DNA is present in almost every cell in the body, and contains ‘instructions’ for building components of the body. Most DNA is inside the nucleus of the cell, although some is in mitochondria. DNA is made up of base pairs that bond together to form a double helix shape. According to Penn’s article, this double helix DNA needs to further fold into a complicated 3D pattern in order to fit into the nucleus of the cell. The ability to map the 3D folded shape of DNA is a relatively recent development.
It is very common for sections of DNA to contain repeating base pair sequences (known as short tandem repeats). However, some people can have extremely long and unstable repeating sections called trinucleotide units, which is known as a trinucleotide repeats (TNR) expansion disorder. TNR expansion disorders have been linked to several severe neurodegenerative and neuromuscular disorders, such as Huntington’s disease and Fragile X syndrome.

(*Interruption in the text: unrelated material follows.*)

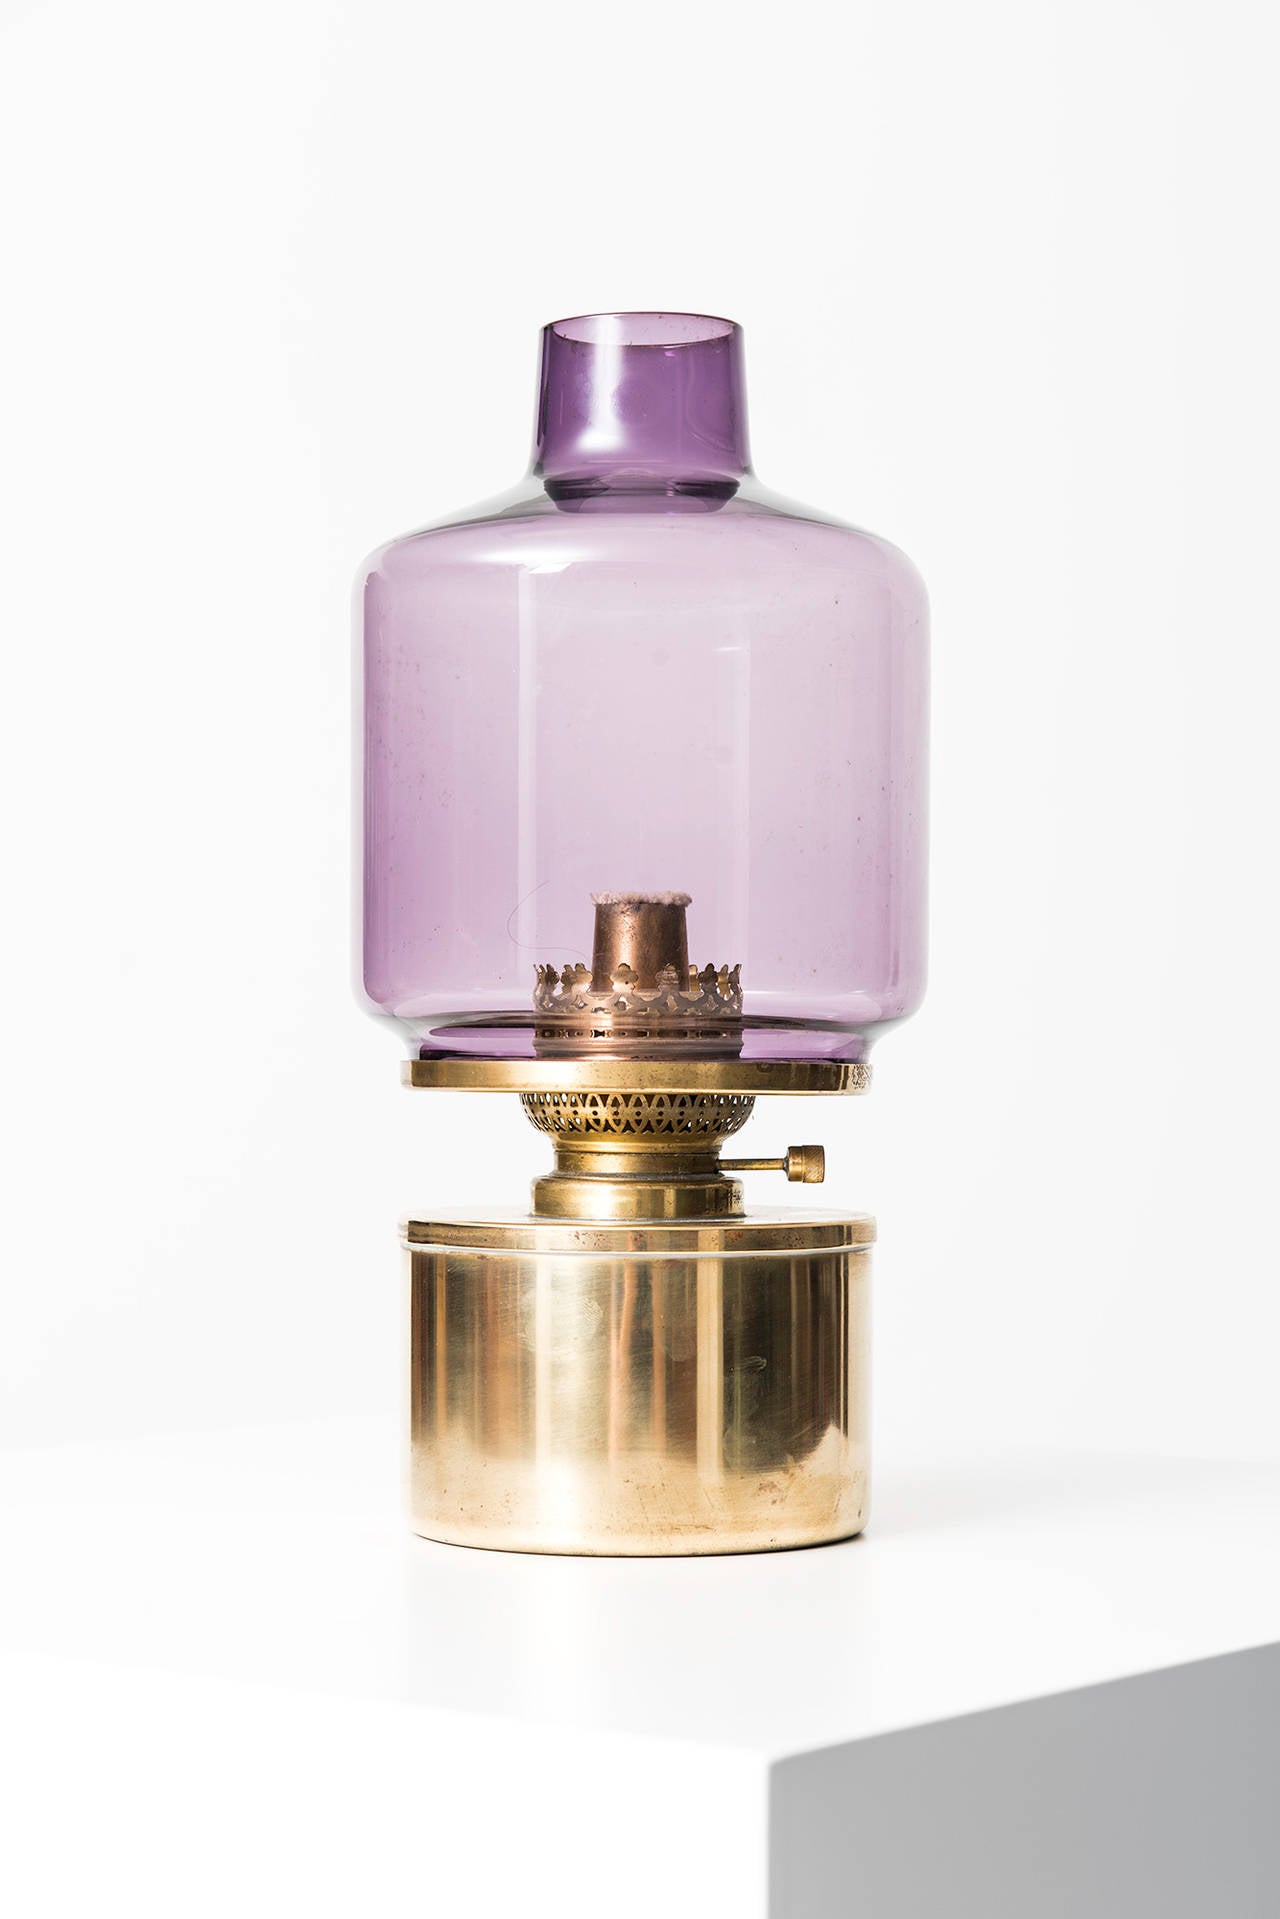 Rare kerosene / oil lamp model L-47 designed by Hans-Agne Jakobsson. Produced by Hans-Agne Jakobsson in Markaryd, Sweden.

Researchers found that a strong correlation between unstable short tandem repeats, a misfolding of the genome’s 3D shape, and pathologic gene disruption. The unstable repeating sections linked to disorders were shown to often be near ‘boundaries’ in the DNA. One of the questions the researchers asked about these results was whether the correlation was causal, and, if so, in which direction. The boundaries could in some way cause the repeats, or the repeats could cause a boundary to form there. Scientists are now attempting to answer that question in an on-going study.